Suter Science Seminars
Monday, March 30, 2009
4 p.m., Science Center 104
Voltage Sensors and Electrical Signaling in the Nervous System
Kenton Swartz, Ph.D.
Most of us learned to appreciate the importance of electricity at a very young age. It powers many useful and entertaining human made devices; a light for seeing the world, a computer for searching the internet, or an omnipresent iPod for listening to music. Although the concept that all living organisms use electricity as a fundamental mechanism for signaling across membranes and between cells is less widely appreciated, scientists have been thinking about the biological roles of electricity dating back to the late 18th century.
Today we know a great deal about the biological roles and importance of electrical signals. In humans, electrical signals are used to complete a computational task within the cerebral cortex, to secrete insulin after a meal, to tell a muscle when to contract, or to signal that a sperm has entered an egg and embryogenesis should commence. In my talk I will review the principles by which electrical signals are generated in biology and summarize our current understanding of the molecular structure and operating principles of the ion channel proteins that generate and carry electrical signals.

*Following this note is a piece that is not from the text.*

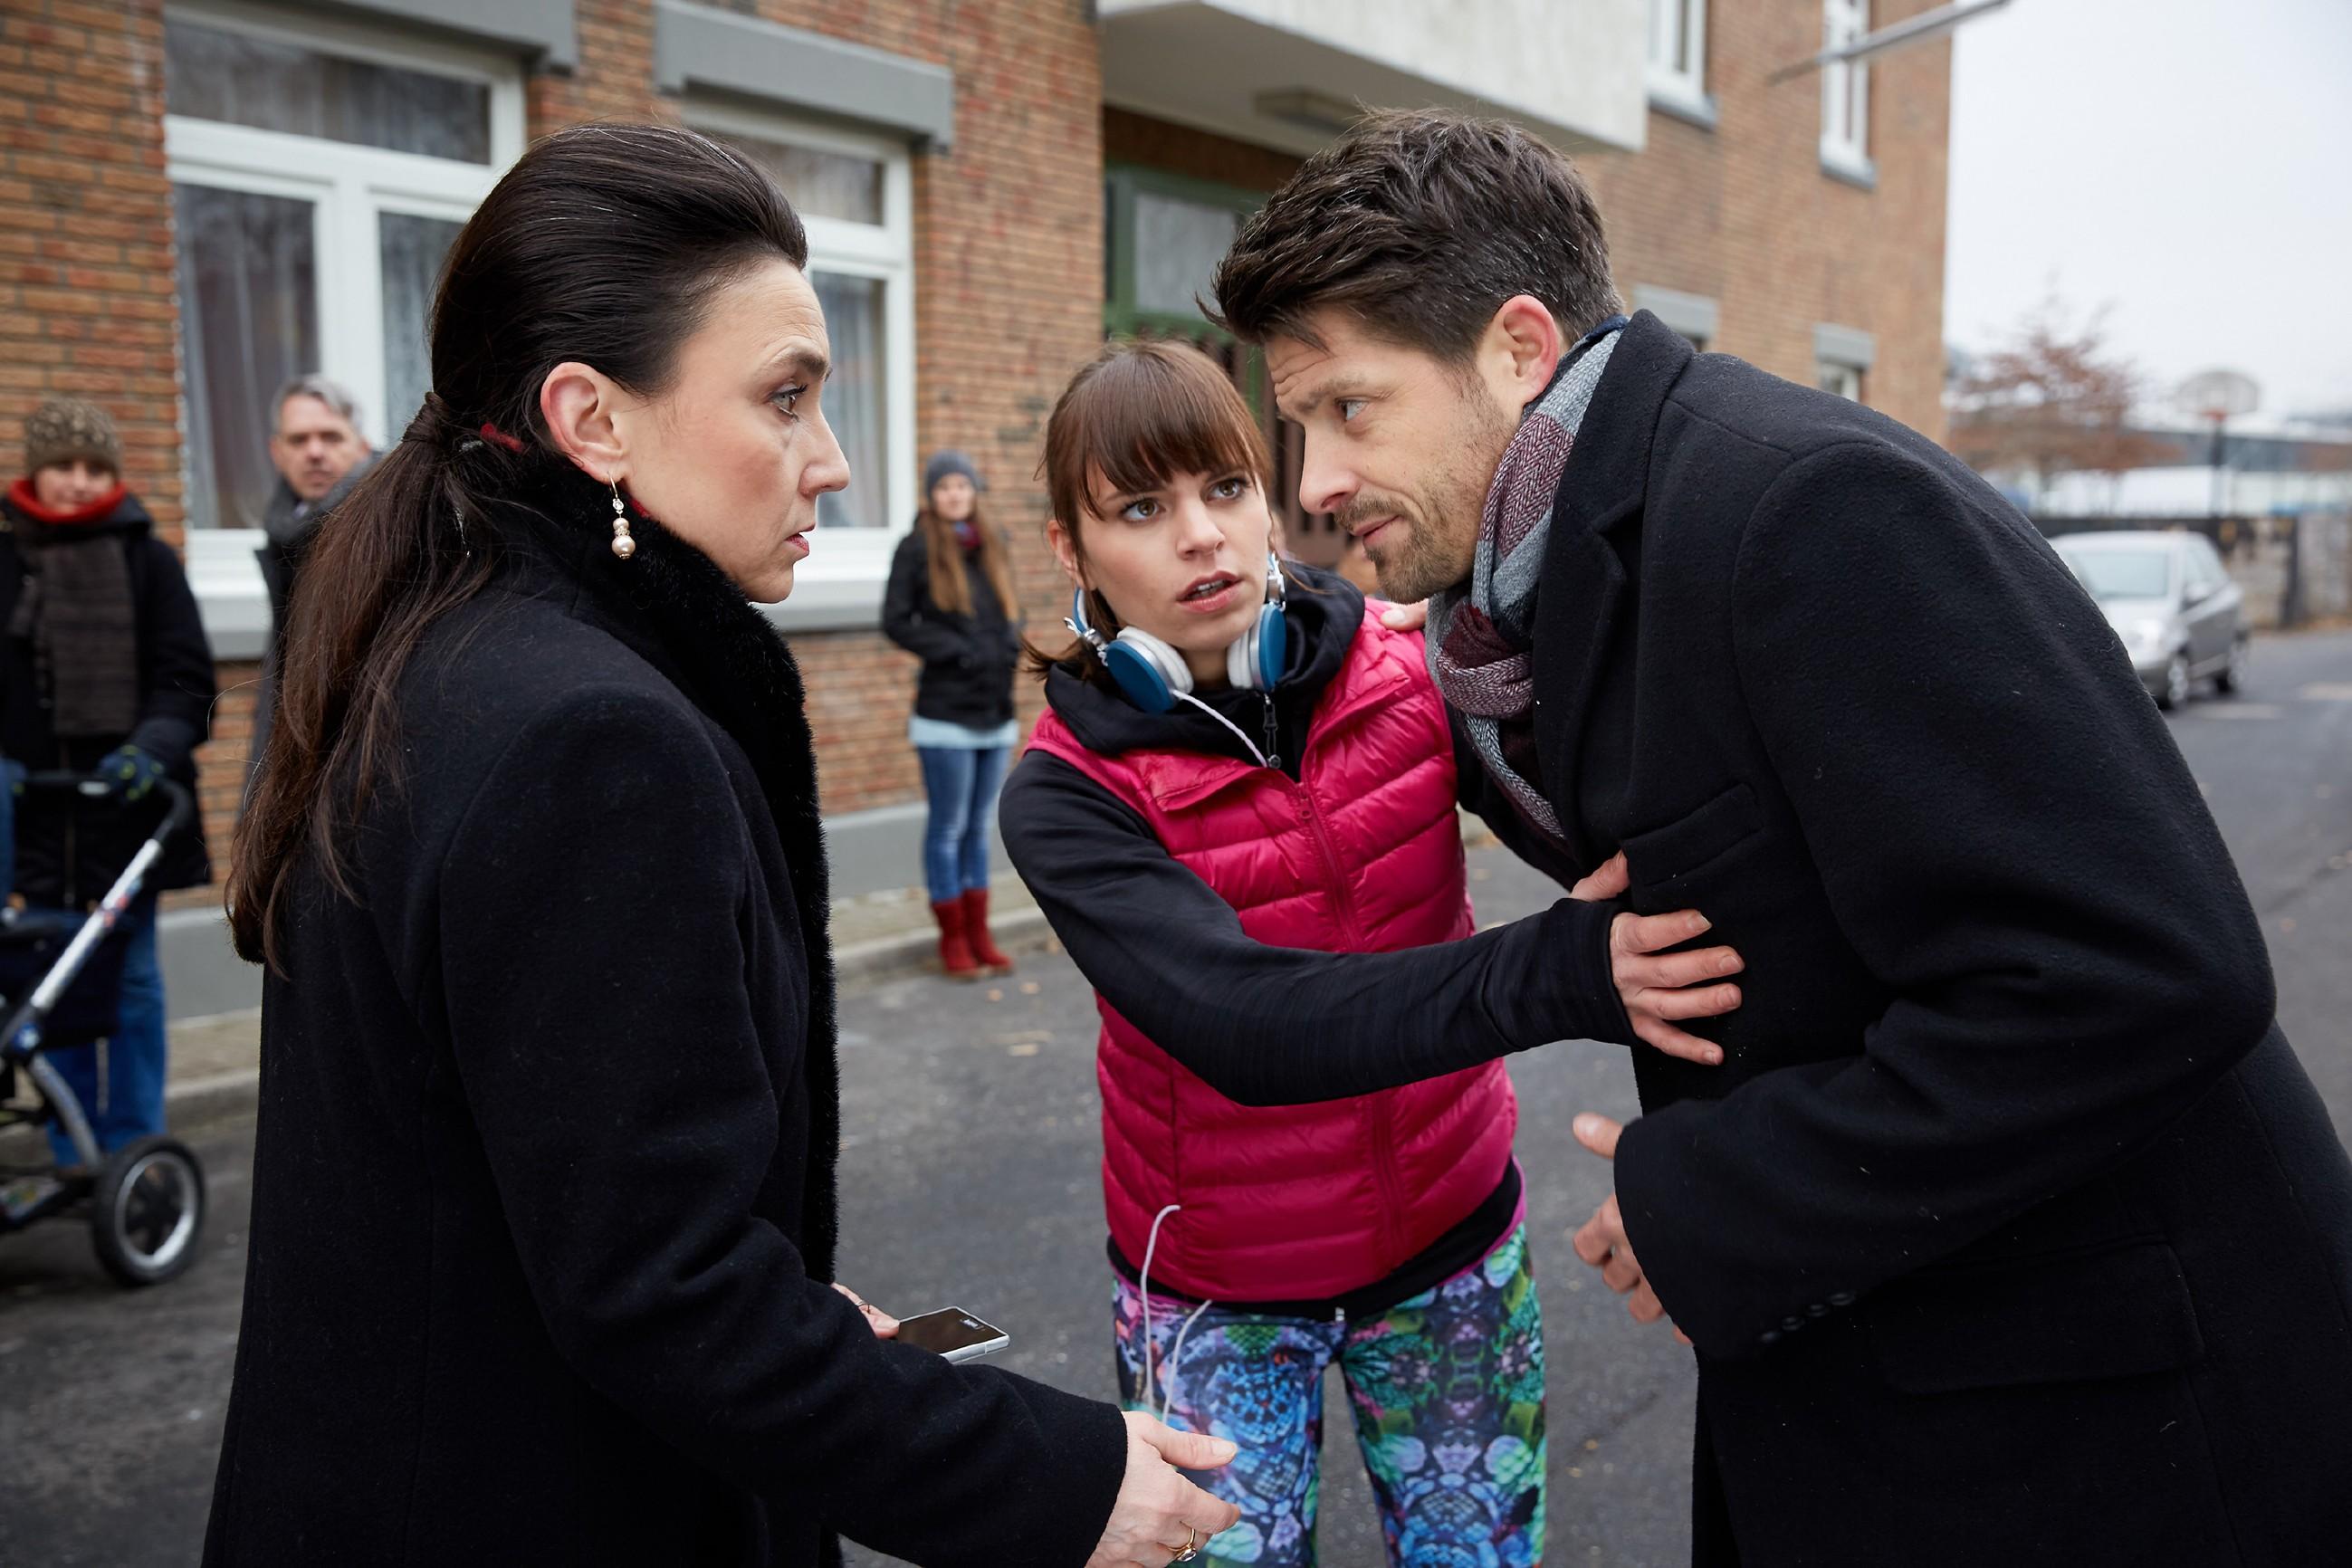 Während Vincents (Daniel Buder) Unfall Michelle (Franziska Benz, M.) ins Gefühlschaos stürzt, da er sie selbstlos gerettet hat, bietet Simone (Tatjana Clasing) Vincent an, ihn ins Krankenhaus zu begleiten.

I will also discuss our current understanding of the mechanism by which voltage sensors within ion channel proteins sense the voltage across cell membranes, a process fundamental to biology’s solution for the problem of propagating signals over long distances on the millisecond timescale.
About the Presenter
Kenton Swartz, Ph.D.
Kenton Swartz received a B.S. degree in Chemistry and Biology in 1986 from Eastern Mennonite College. In 1992 he received a Ph.D. in Neurobiology from Harvard University, studying the regulation of voltage-gated calcium channels. He did postdoctoral training at Harvard Medical School, where he began isolating and studying toxins that interact with voltage-activated potassium channels.
Kenton joined NINDS as an Investigator in 1997 and was promoted to Senior Investigator in 2003. His laboratory is using biochemical, molecular biological and biophysical techniques to investigate the structure of voltage-activated ion channels and to explore the molecular mechanics by which these channels gate.